A thought experiment: imagine you are a lamb in Badger House Field, born at midnight. A chill, windy midnight (last year, there was snow on the ground when the lambs were born). Yours is a world of darkness (which it has always been) and cold (this is new and not very welcome).

A few hours into your life, just when you’re getting the hang of tottering a few steps behind your mother in the dark, this THING — this great, bright sun — blazes down the field in a streak of glory.

What must that be like?

Thinking on it is darn near enough to make me religious.

April 14, 2014 — 10:17 pm
Comments: 9

I’m back. I think.

In case you missed it, yesterday’s routine Windows update totally boogered my computer. It booted, looked normal, but none of the icons worked.

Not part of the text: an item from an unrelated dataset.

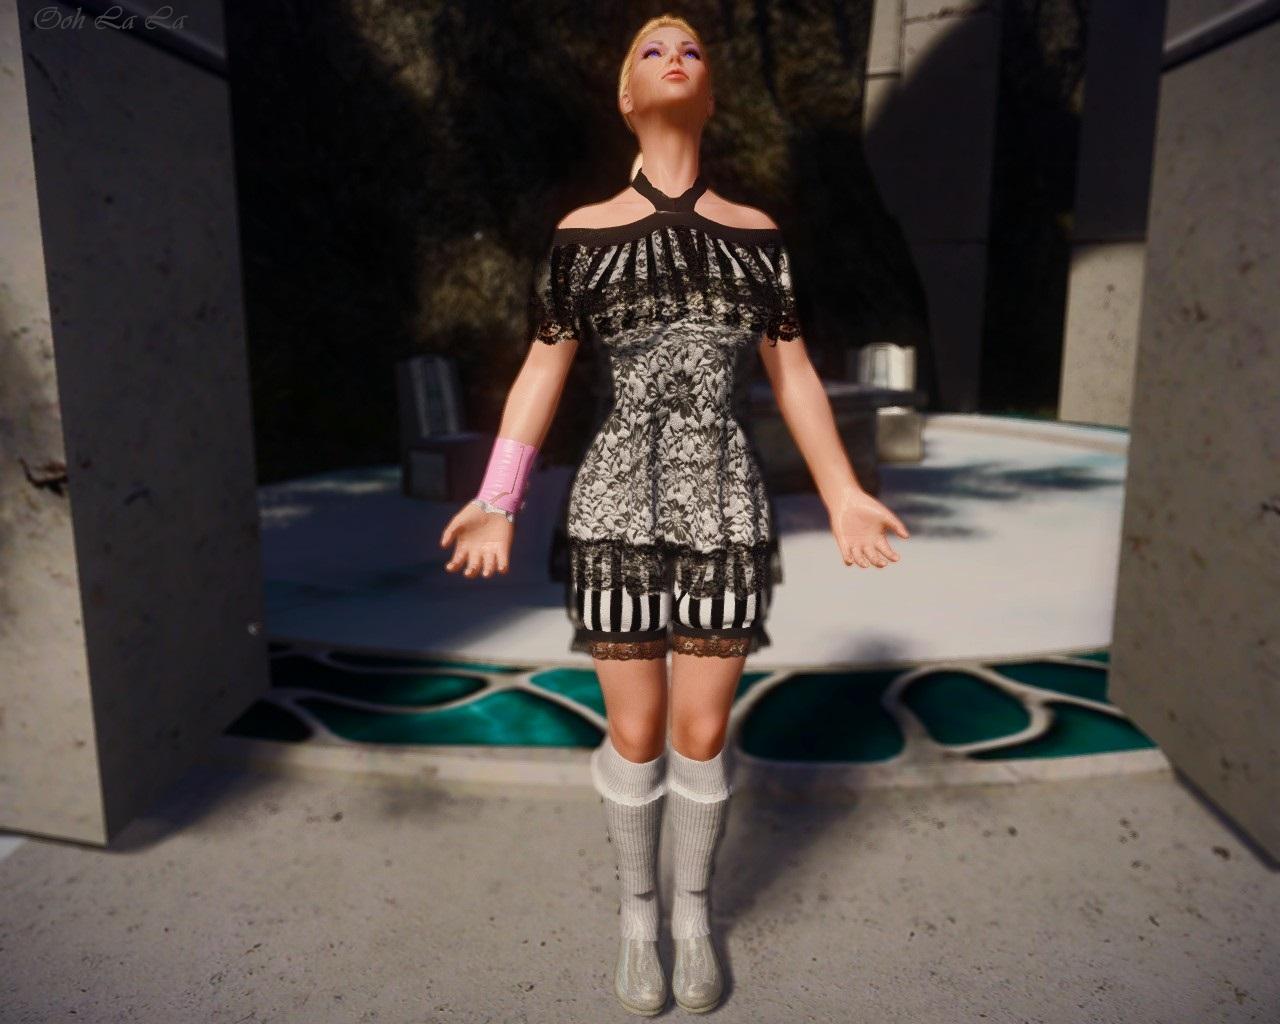 [Melodic] Ooh La La Outfit 00.jpg

Eventually, it would throw up a series of error messages and fall right over.

“No problem,” thinks the intrepid weasel, “I’ll just do a system restore.” There were no previous states to restore to.

See, it’s supposed to do a little backup file before it installs updates, so you can step back if there’s a problem. I worked out later why it hasn’t been (all these years, apparently): backups were somehow allocated 0% disk space. Thanks for the error message, Bill.

So I had to sort it the old fashioned way, with a hammer and brute ignorance. I’m not absolutely convinced everything is totally back to normal, but I can run Photoshop and a video game at the same time, so it’s got to be good enough.

Meanwhile, tomorrow’s Dead Pool was never in any doubt. I got internets in all kinds of places these days. See y’all back here tomorrow, 6WBT.